Старшина косил глаза и тяжело дышал.
— Ну, по совести: просил тебя Захаров?
— Просить-то просил, скажем, да только что… — начал было старшина, но Псалтырин не дал ему договорить.
— Ну вот! Ну вот! Я так и знал! — вскричал он торжествующе и затем прибавил тоном глубокой укоризны: — Эх, вы, люди, люди.

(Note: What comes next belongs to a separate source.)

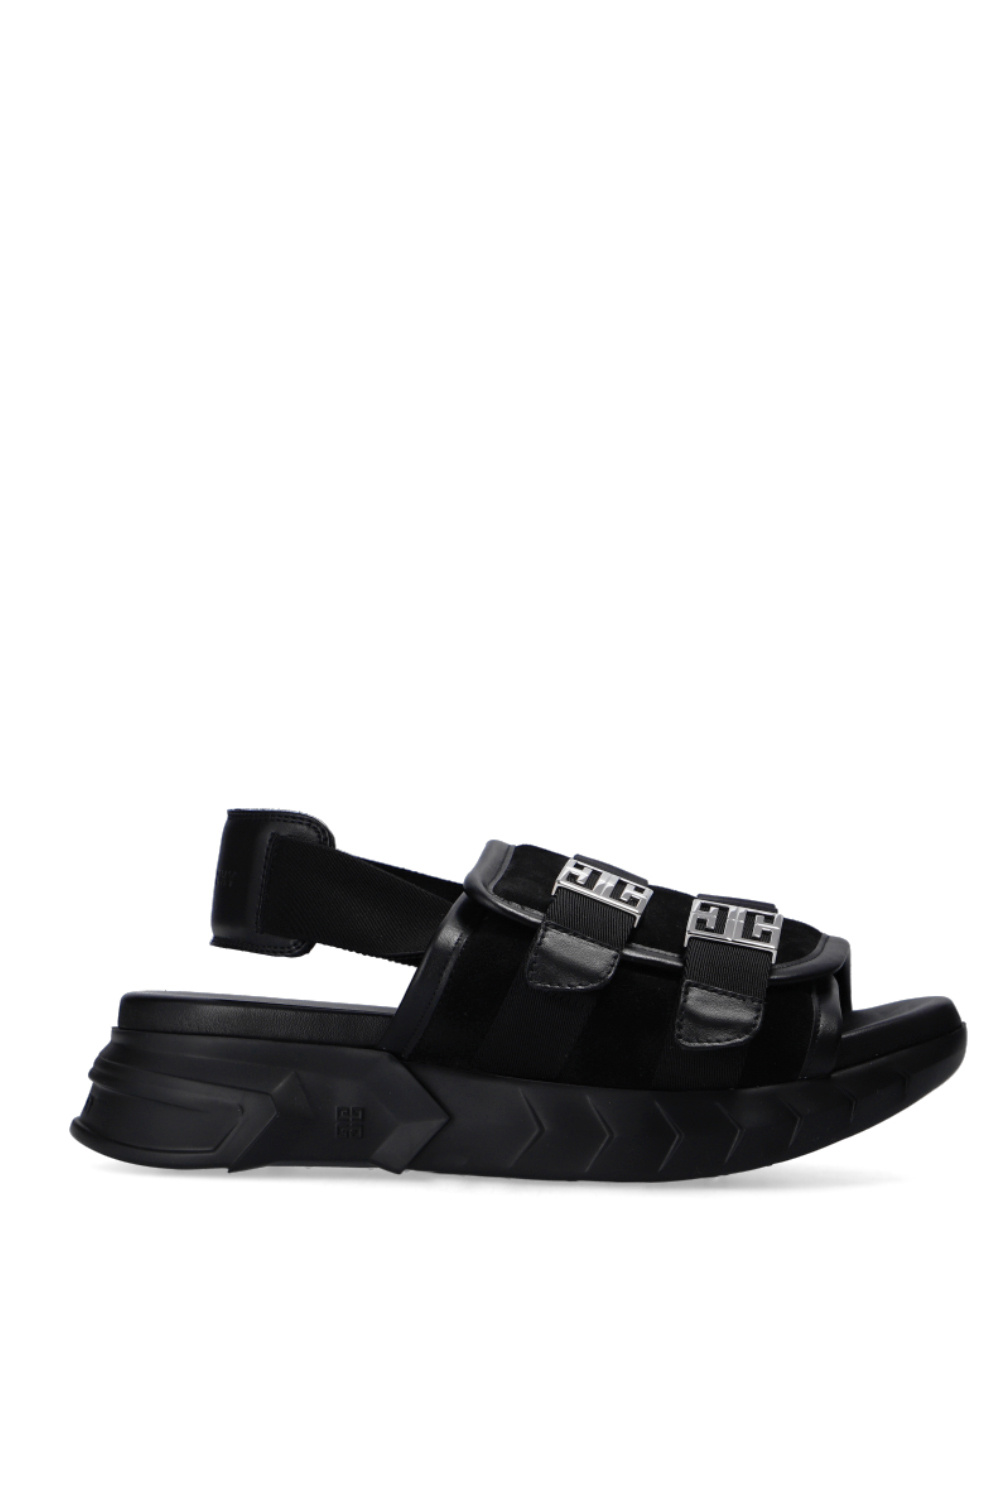 Givenchy ‘Marshmallow’ sandals

Старшина не пытался более возражать. Наступило продолжительное молчание. Псалтырин, как маятник, ходил из угла в угол. Старшина несколько раз откашливался, как бы сбираясь начать говорить, но ограничивался тем, что встряхивал головой и вздыхал. Голубев точно прирос к месту и бессмысленно хлопал глазами: казалось, он не слыхал ни одного слова и стоял тут только потому, что ему не разрешали уйти.
— Ну, надо это дело покончить! — наконец, проговорил Псалтырин, сморщившись, как от зубной боли. — Не нравится вам Соболевское урочище, выбирайте другое. Ну вот, например… Ирод, дай карту.

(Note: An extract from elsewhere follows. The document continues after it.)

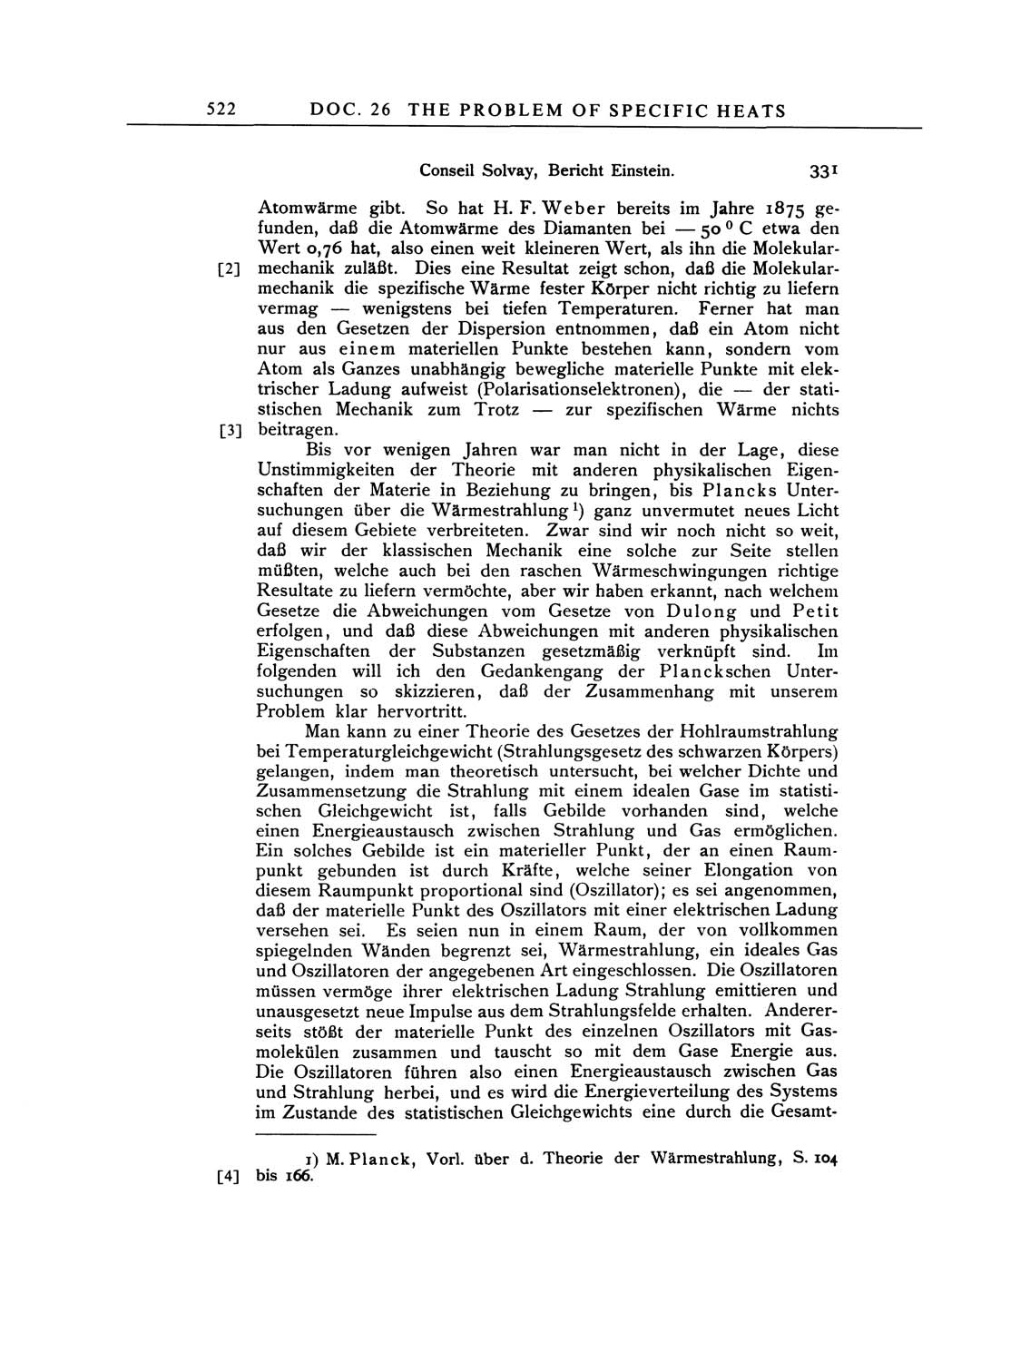 Volume 3: The Swiss Years: Writings 1909-1911 page 522

Голубев, как тень, неслышно отделился от стены, подошел к шкафу, достал громадной величины план дачи и развернул его на полу.
— Ну вот, вся дача перед тобой, как на ладони, — говорил Псалтырин, — отводи места, выбирай любое, — полная тебе воля. Ну, что же ты?
Старшина глядел на план и молчал.
— У Черного камня, — продолжал Псалтырин, — вот здесь, смотри: ты знаешь это место, — не возьмете, скажете: далеко, дорог нет, да я и сам вас туда не пущу… У Бобылька вырублено, на Сосновке выгорело, по берегу Тунтора ни одного бревна не найдешь, — все начисто разворовано, при благосклонном содействии заводского смотрителя. Не так ли, Ирод?
— По Тунтору лесу быть не должно, так точно.